Dark Waters: The System Doesn’t Protect Us, We Do, by Dave Platt

The opening sequence of Dark Waters begins on the quiet streets of Parkersburg, West Virginia, in 1975. The atmosphere is one of a small country town, ordinary folks living peaceful lives, serenaded by country music on the radio. But as we watch as a group of carefree young people go skinny dipping nearby, what is conjured most of all is not some nostalgic idyll, but the foreboding of a horror film. This innocence, we immediately sense, is the backdrop to something terrifying. From here we move to Cincinnati, in 1998, where Mark Ruffalo’s Rob Bilott works as a corporate defense attorney at a reputable firm that has just made him partner. As we meet him, he is forced to leave a meeting to deal with the intrusion of farmer Wilbur Tennant, a Parkersburg man whose cattle, he claims, are dying thanks to the chemicals of the massive nearby Du Pont plant. Thus are the wheels set in motion in the latest from Carol and Far from Heaven director Todd Haynes.

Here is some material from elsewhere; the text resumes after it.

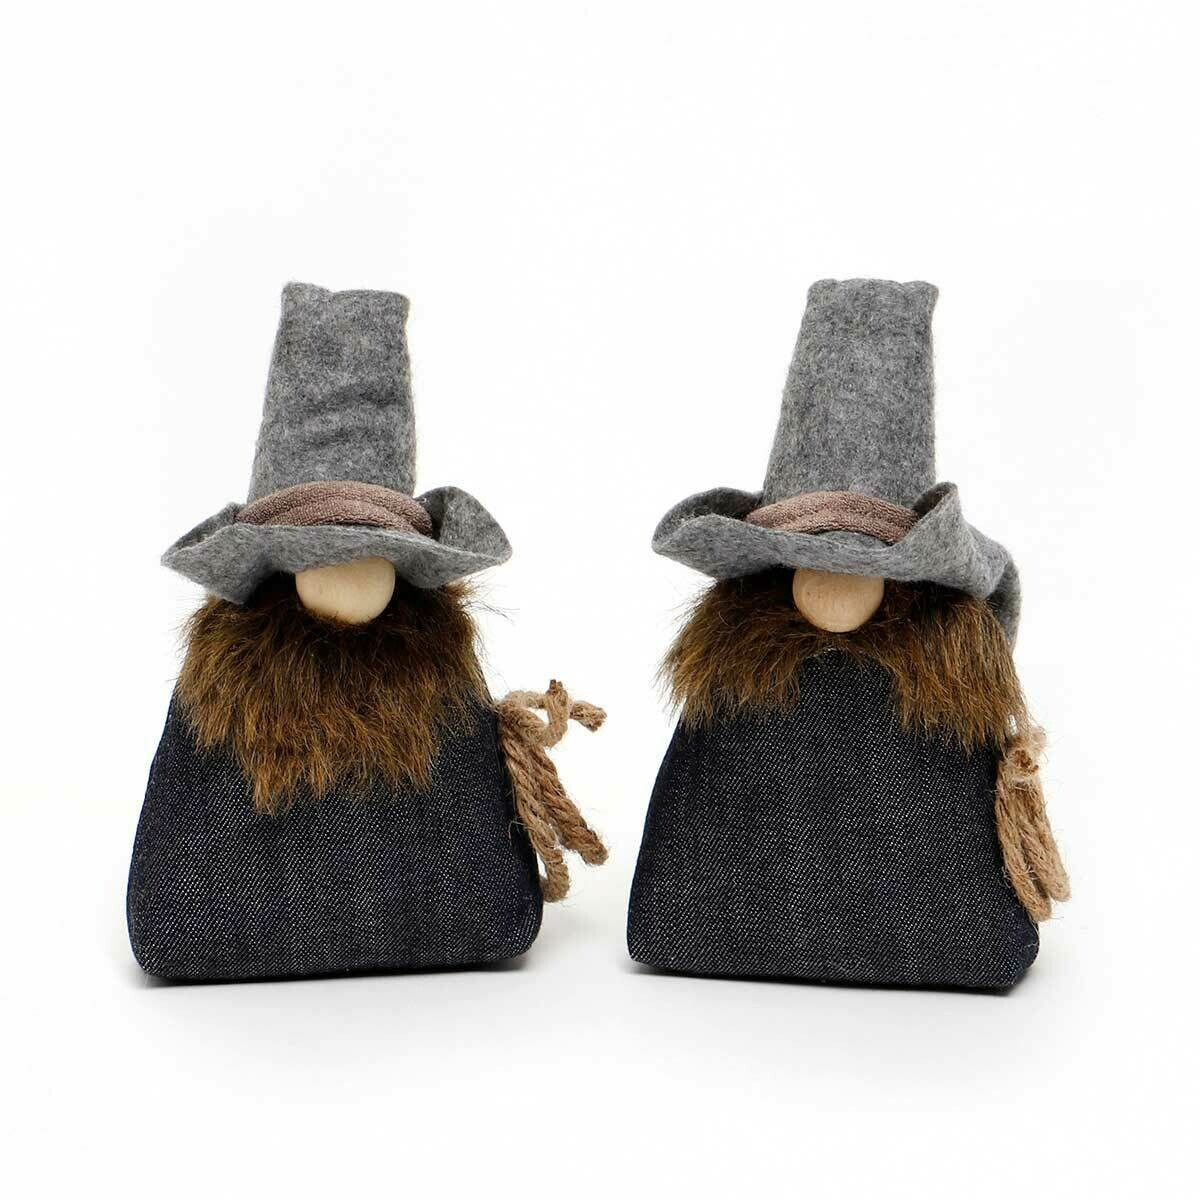 Ryder & Rex Denim Gnomes, Sold Separately

At first skeptical, Bilott decides to visit his grandmother in Parkersburg, where, as it turns out, his family is from. When he sees the devastation of Tennant’s farm for himself, it doesn’t take long before he begins to suspect Wilbur may be right about Du Pont dumping their chemicals into the local waters around his farm. It’s the beginning of a case that will consume him for more than fifteen years. Bilott’s takes the case assuming it will find some routine resolution that helps everybody, including Du Pont. But, as he begins to dig up secrets, his efforts are met with increasing pushback and, eventually, hostility, leading to one of the film’s most gripping moments, in which Rob begins to realize Du Pont might just stop at nothing to be rid of him. That dynamic, the sheer size and financial capabilities of the corporation weighed against the will of Rob and those few lowly clients he represents, is one of the movie’s key sources of tension and frustration.

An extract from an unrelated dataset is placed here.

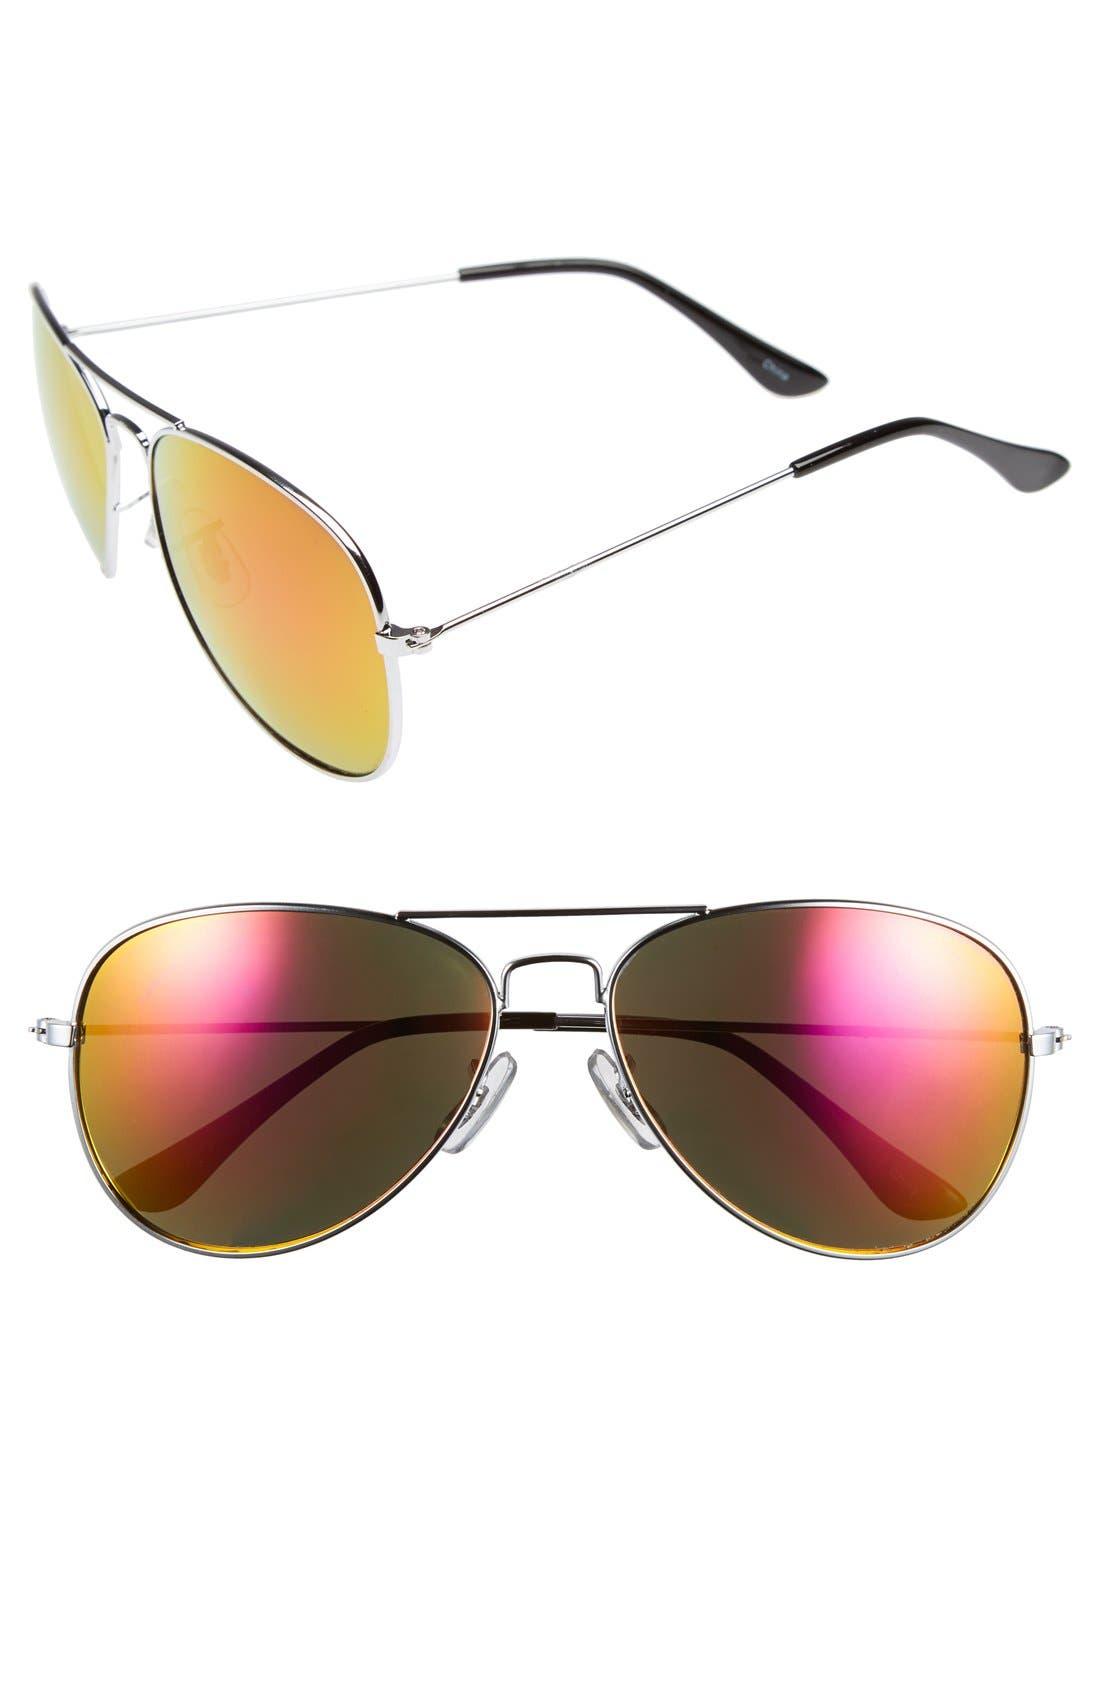 55mm Mirrored Aviator Sunglasses,                         Main,                         color, 040

Between the ever-deepening conspiracy, the growing paranoia, Bilott’s neglected wife and kids, Dark Waters is a fairly straightforward example of this type of story. But Haynes excels as a visual stylist – plunging us into a world that often feels bathed in the murky green and blue of the poisoned Parkersburg waters themselves – and he has always been a director capable of drawing honest and soulful performances from his actors. The result is a powerful, muscular and intelligent film anchored by Ruffalo’s portrayal of a man slowly realizing that what he’s believed about the world, and his place in it, has been tragically naïve. There’s an obvious comparison to be drawn between Ruffalo’s performance here and his Academy Award-nominated turn as crusading journalist Mike Rezendes in 2015’s Spotlight. But where that performance, though impressive, came in service of portraying a relatively one-dimensional good guy, here he exceeds that work playing a character initially reluctant to assume the role of champion for the little guy, trained to protect corporations rather than hold them to account. Ruffalo captures Bilott’s increasing outrage and weariness, as well as his obsessive work ethic, with characteristic naturalism and earnestness. And as the scale of Du Pont’s damage and the brazenness of their nefarious decades-long cover-ups slowly becomes clear, and Ruffalo is able to embody just the right combination of cynicism and righteousness. He’s not the only worthy performance in the film, though. In particular, Anne Hathaway, playing Bilott’s wife Sarah, and Bill Camp, who plays the aggrieved eeryman Wilbur Tennant with a gruff, wounded nobility, do a great job. Although Sarah spends much of the film dutifully supporting her husband, Haynes takes care to show us that she is as intelligent and capable as Rob is, and makes a point out of acknowledging her story, a promising young woman who gave up her career to raise their family. It’s Hathaway’s more demonstrative and emotional performance, really, which drives home just how great the toll is that the case takes on the Bilotts, and as the movie goes on she is thankfully given some more interesting things to do and notes to play. The main players in the ensemble such as Victor Garber, Tim Robbins, Mare Winningham, and a suitably twangy and squinty Bill Pullman are all on fine form, too.
Dark Waters is critical not just of Du Pont, who for decades knowingly poisoned Parkersburg residents and exposed workers on their Teflon line to potentially fatal chemicals (before lying about it), but also of a legal system and government that allowed them to get away with such things. That systemic critique is one of the film’s main strengths, a more affecting (and effective) treatment of the material than simply that of just the heroic individual. Concerned with more than just Du Pont’s overt villainy, the film’s runtime is littered with moments that gesture toward society’s myriad ingrained injustices, oppressive dynamics of class, race and gender that Todd Haynes has long shown himself to be critically aware of. Even in its more formulaic moments, Dark Waters is a lucid and deeply humane film, and an indictment of a system in which corporations are treated like people, but human beings are not.